42So will it be with the resurrection of the dead. The body that is sown is perishable, it is raised imperishable; 43it is sown in dishonor, it is raised in glory; it is sown in weakness, it is raised in power; 44it is sown a natural body, it is raised a spiritual body.
If there is a natural body, there is also a spiritual body. 45So it is written: "The first man Adam became a living being"[e]; the last Adam, a life-giving spirit. 46The spiritual did not come first, but the natural, and after that the spiritual. 47The first man was of the dust of the earth, the second man from heaven. 48As was the earthly man, so are those who are of the earth; and as is the man from heaven, so also are those who are of heaven. 49And just as we have borne the likeness of the earthly man, so shall we[f] bear the likeness of the man from heaven.

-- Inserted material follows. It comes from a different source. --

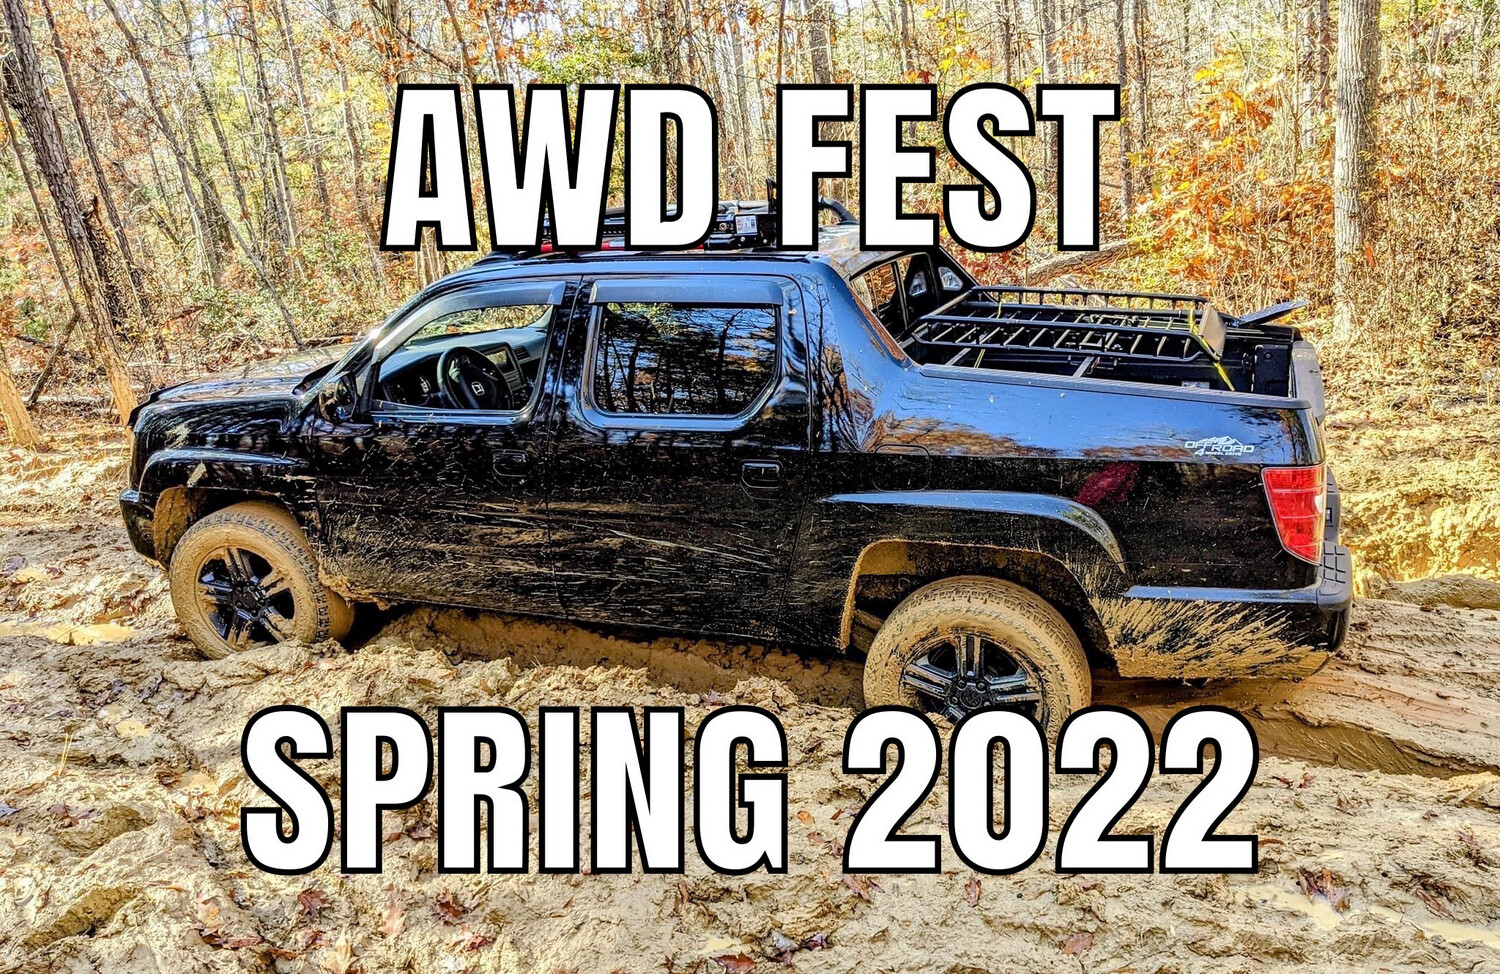 AWDFEST SPRING 2022 CAMPING Ticket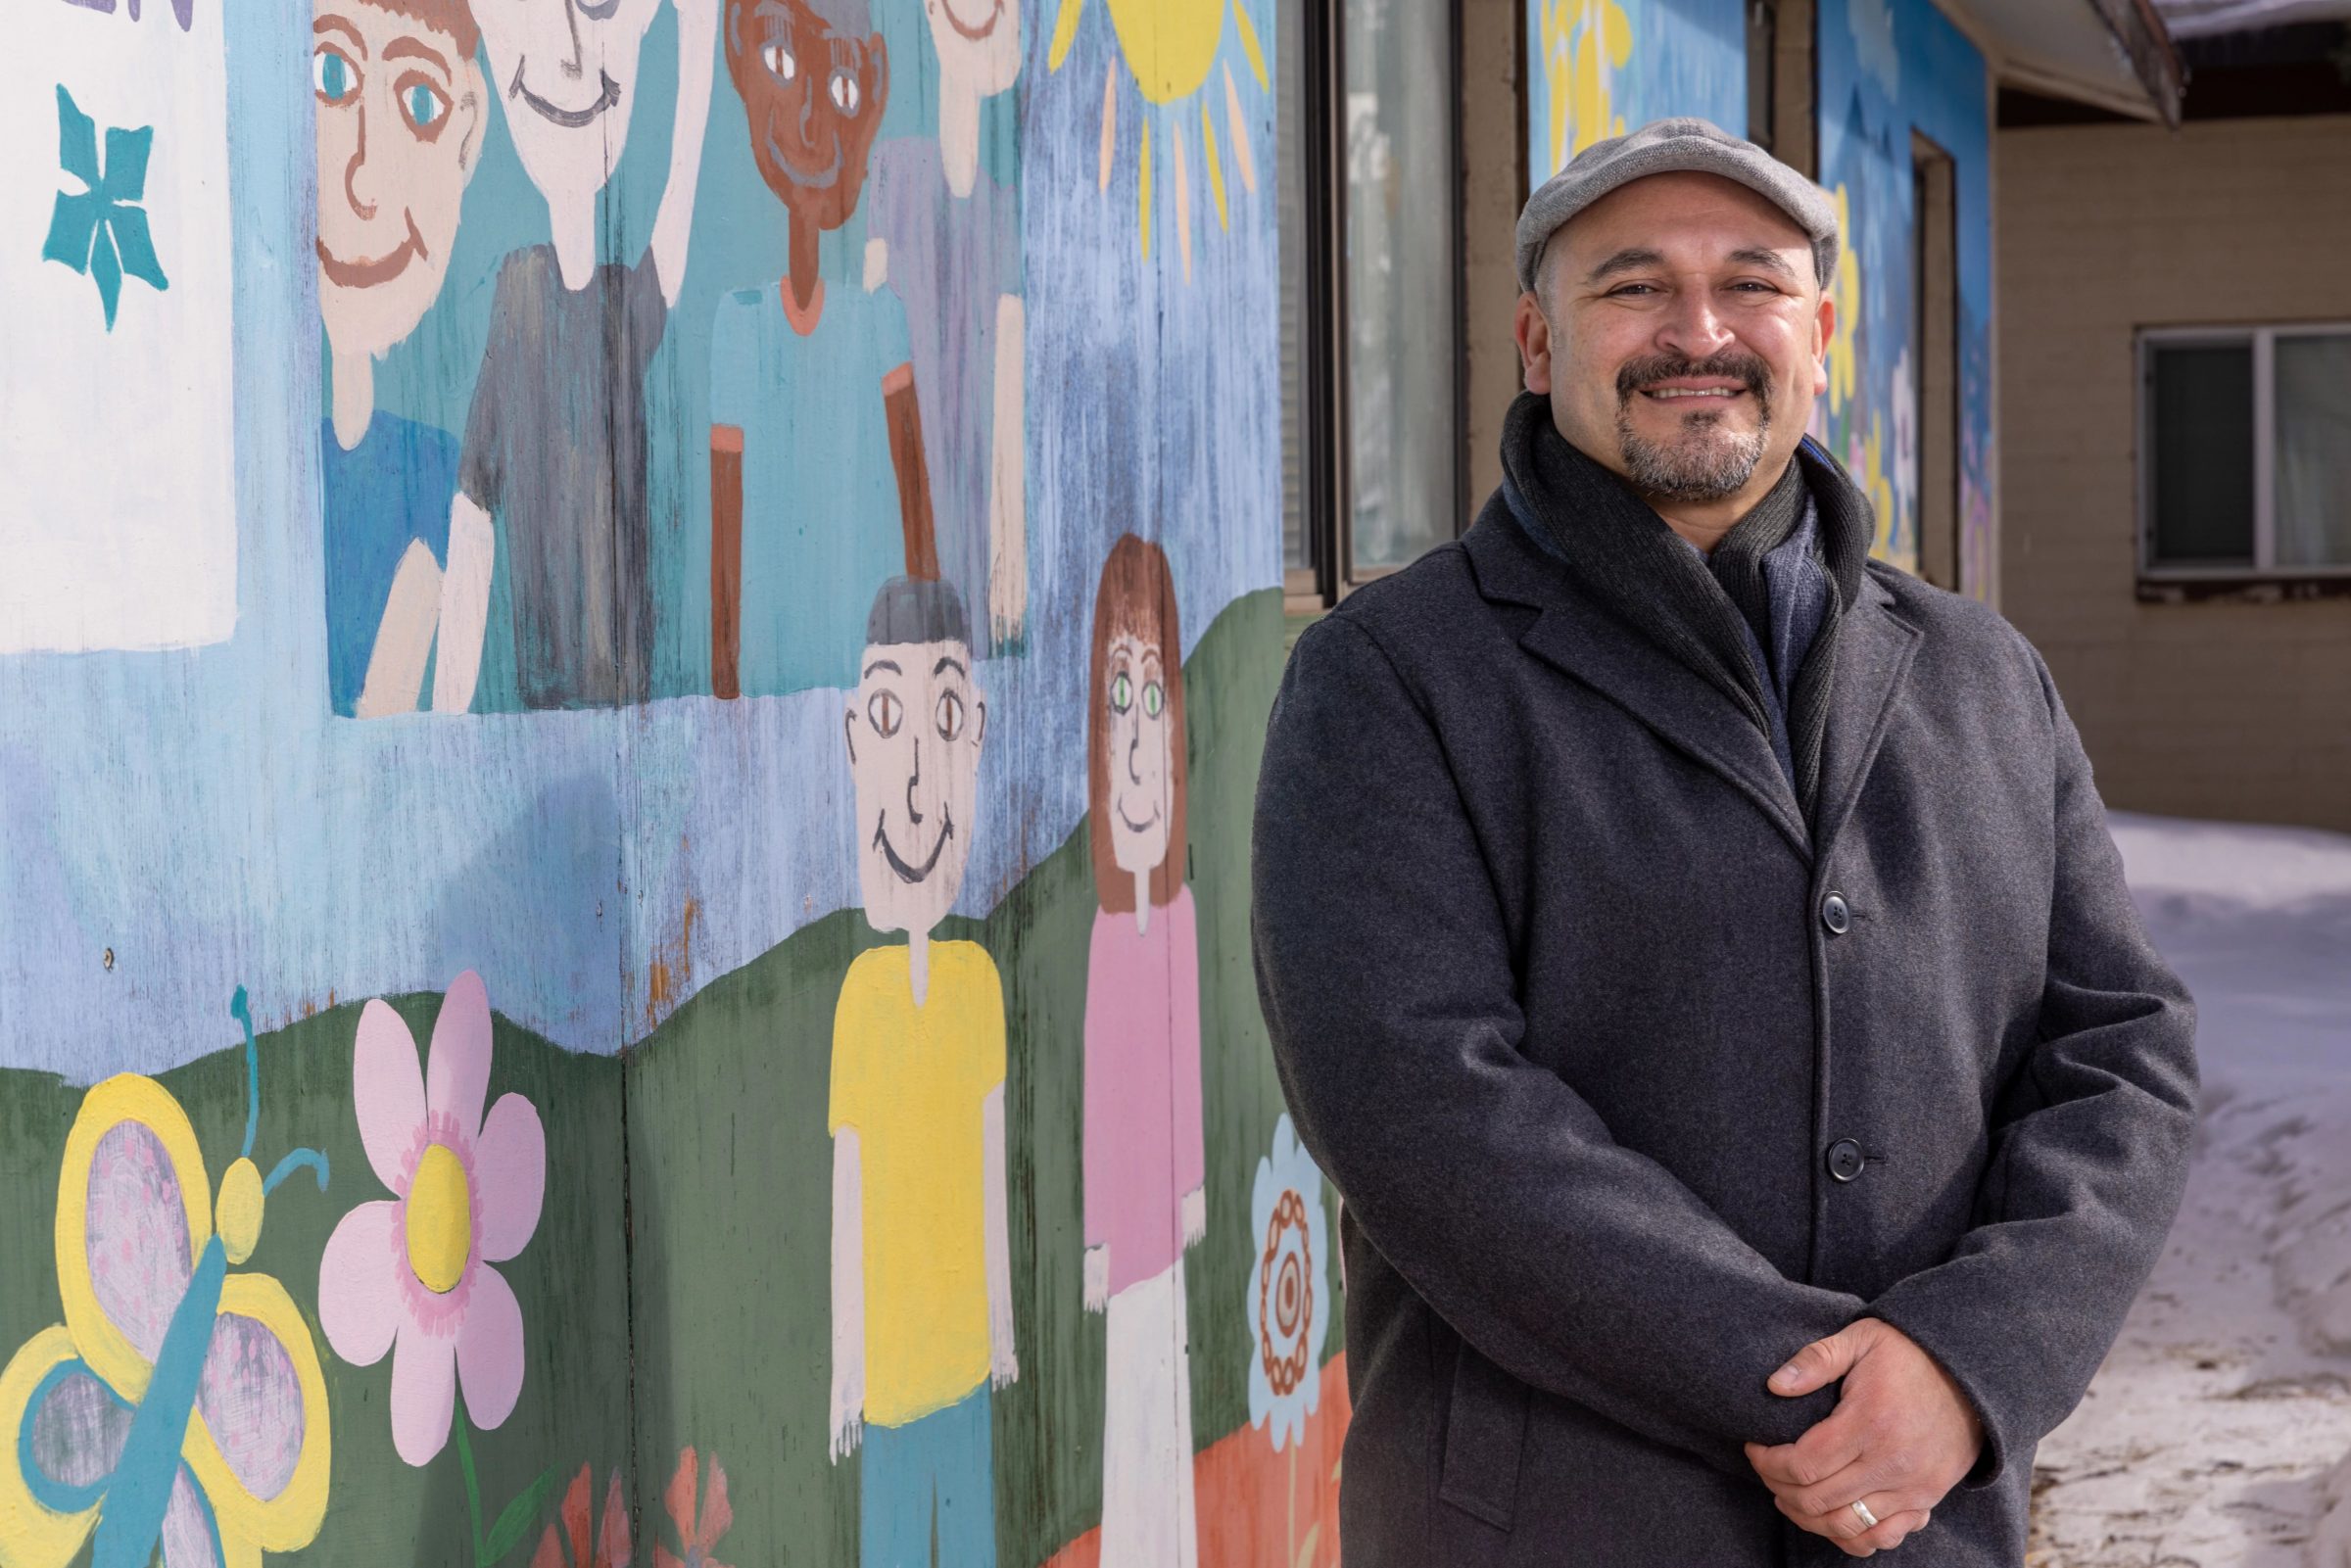 NAU alumnus and Coconino County Board of Supervisors vice chair Jeronimo Vasquez stands beside mural of smiling children, flowers, butterflies, and the sun. Vasquez is looking at the camera and smiling.

50I declare to you, brothers, that flesh and blood cannot inherit the kingdom of God, nor does the perishable inherit the imperishable. 51Listen, I tell you a mystery: We will not all sleep, but we will all be changed— 52in a flash, in the twinkling of an eye, at the last trumpet. For the trumpet will sound, the dead will be raised imperishable, and we will be changed. 53For the perishable must clothe itself with the imperishable, and the mortal with immortality. 54When the perishable has been clothed with the imperishable, and the mortal with immortality, then the saying that is written will come true: "Death has been swallowed up in victory."[g]
55"Where, O death, is your victory?
Where, O death, is your sting?"[h] 56The sting of death is sin, and the power of sin is the law. 57But thanks be to God! He gives us the victory through our Lord Jesus Christ.